EU database for high-risk AI systems listed in Annex III

(Chapter VIII , Art. 71)

In the rapidly evolving landscape of Artificial Intelligence, the European Union has taken proactive steps to ensure the safety, transparency, and accountability of high-risk AI systems through the establishment of the EU database. Considering the AI Act’s reliance on self-assessment by AI system providers and deployers, the EU database serves as a tool to promote accountability through public oversight. This mechanism potentially enhances transparency of the AI systems, marking an initial move towards the responsible deployment of AI.

The EU database shall serve as a central repository for detailed information about high-risk AI systems that fall under the scope of Article 6(2). Accessibility and transparency are cornerstones of the EU database. It is designed to make the bulk of its contents readily available to the public in a user-friendly and machine-readable format. However, certain information is reserved for market surveillance authorities and the Commission. Providers of high-risk AI systems, along with their authorised representatives, bear the responsibility of inputting essential data into the database, as specified in Annex VIII, Section A. Similarly, deployers acting on behalf of public entities are required to submit information detailed in Annex VIII, Section B, reinforcing the collaborative nature of this regulatory mechanism.

The content of the database focuses on details provided by high-risk AI system providers as defined by the AI Act. The real impact of AI on individuals and society is linked to its usage context, making this omission significant. Without this critical information, the public remains uninformed about the specifics of high-risk AI system deployment, including the whereabouts of their use, potentially diminishing the database’s intended effectiveness. On the other hand, businesses have voiced several criticisms regarding the EU’s database for high-risk AI systems, highlighting concerns about increased regulatory burdens. Additionally, companies are worried about privacy and confidentiality of sensitive information, the ambiguity in high-risk AI classification, and the consistency of enforcement across the EU.

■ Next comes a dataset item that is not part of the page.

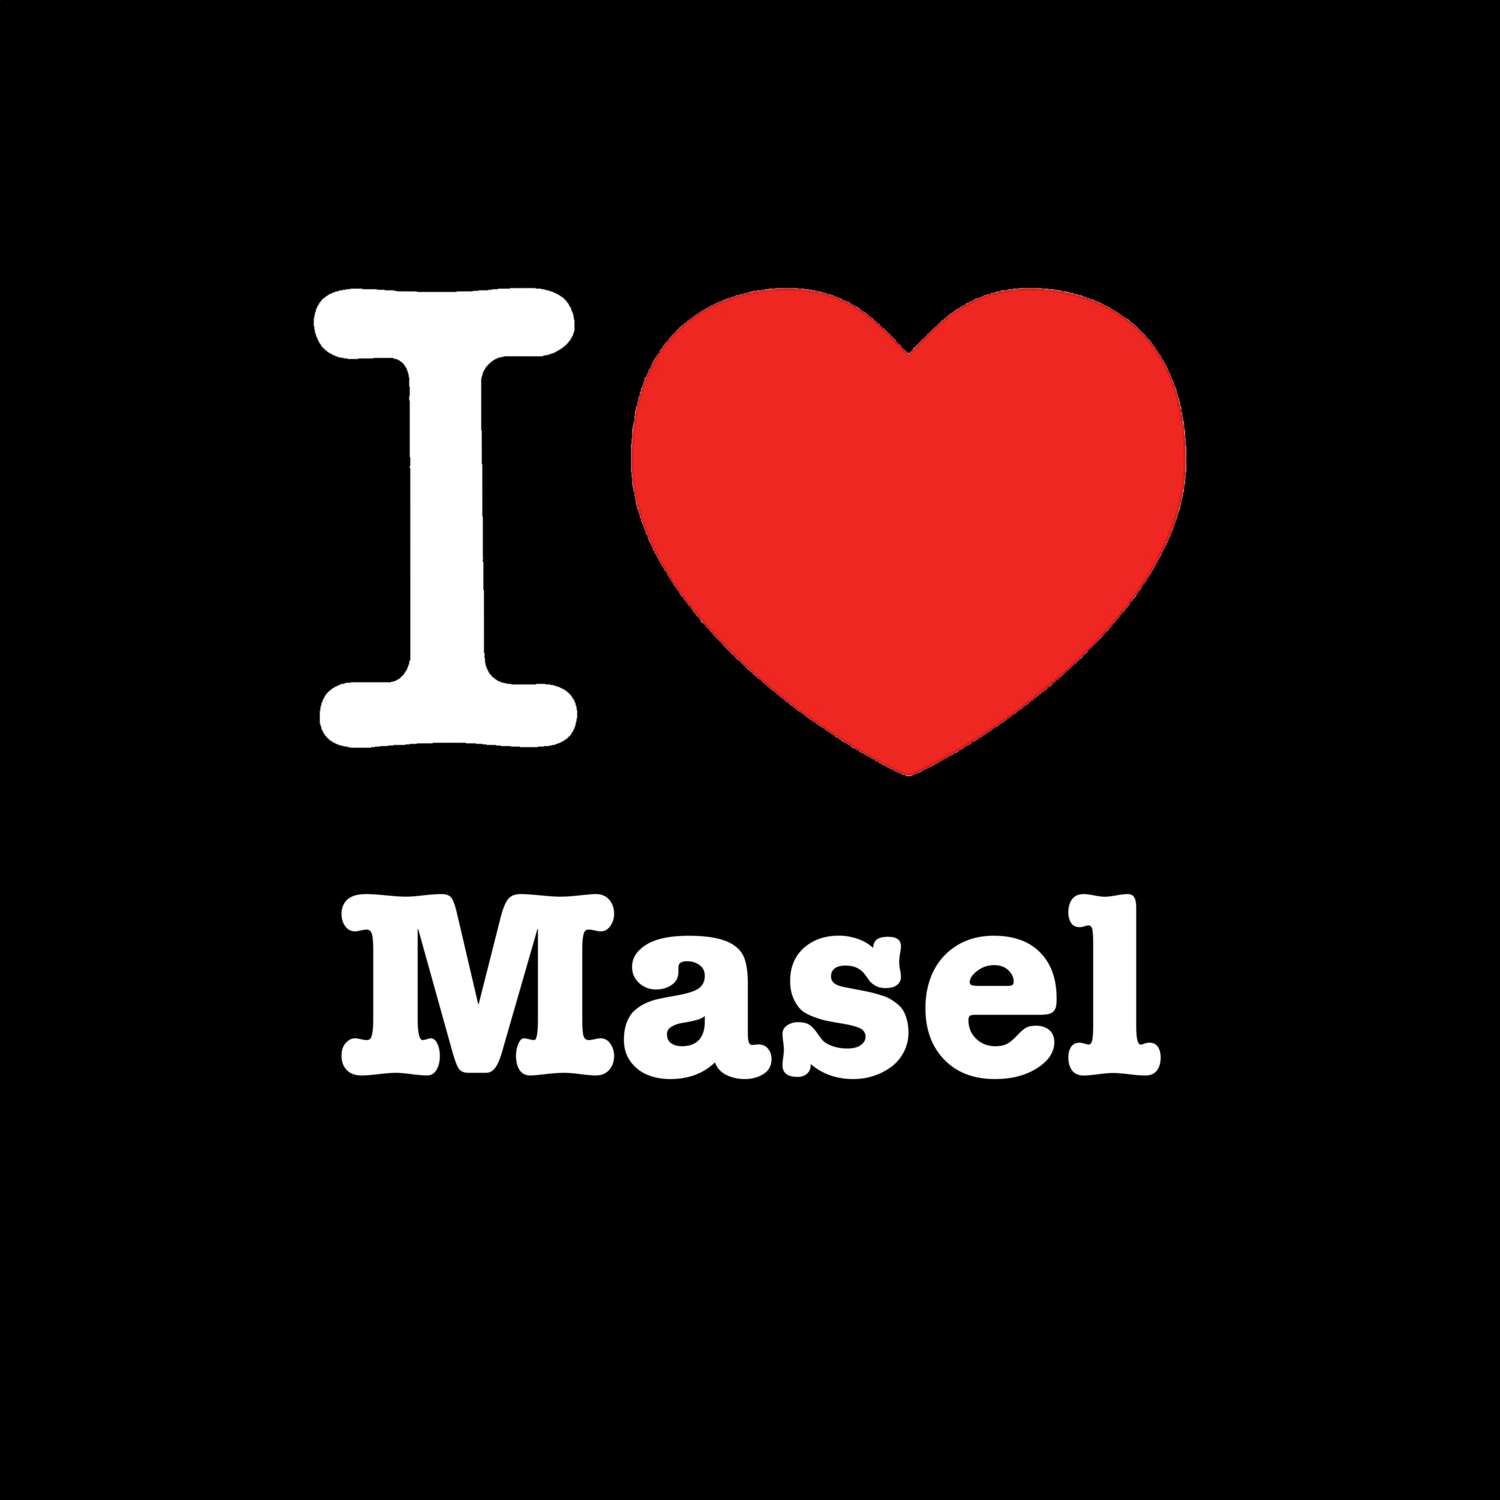 Masel T-Shirt »I love«

While the EU database for high-risk AI systems is a significant step towards ensuring the responsible deployment of AI systems, its current focus on provider-supplied details may not fully capture the broader implications of AI use in society. This limitation, coupled with the business community’s concerns over privacy, classification ambiguity, and enforcement consistency, underscores the need for a more nuanced approach. Balancing the goals of transparency and accountability with the imperatives of innovation and privacy will be crucial in refining the database to effectively serve its intended purpose of safeguarding public interests in the evolving AI landscape.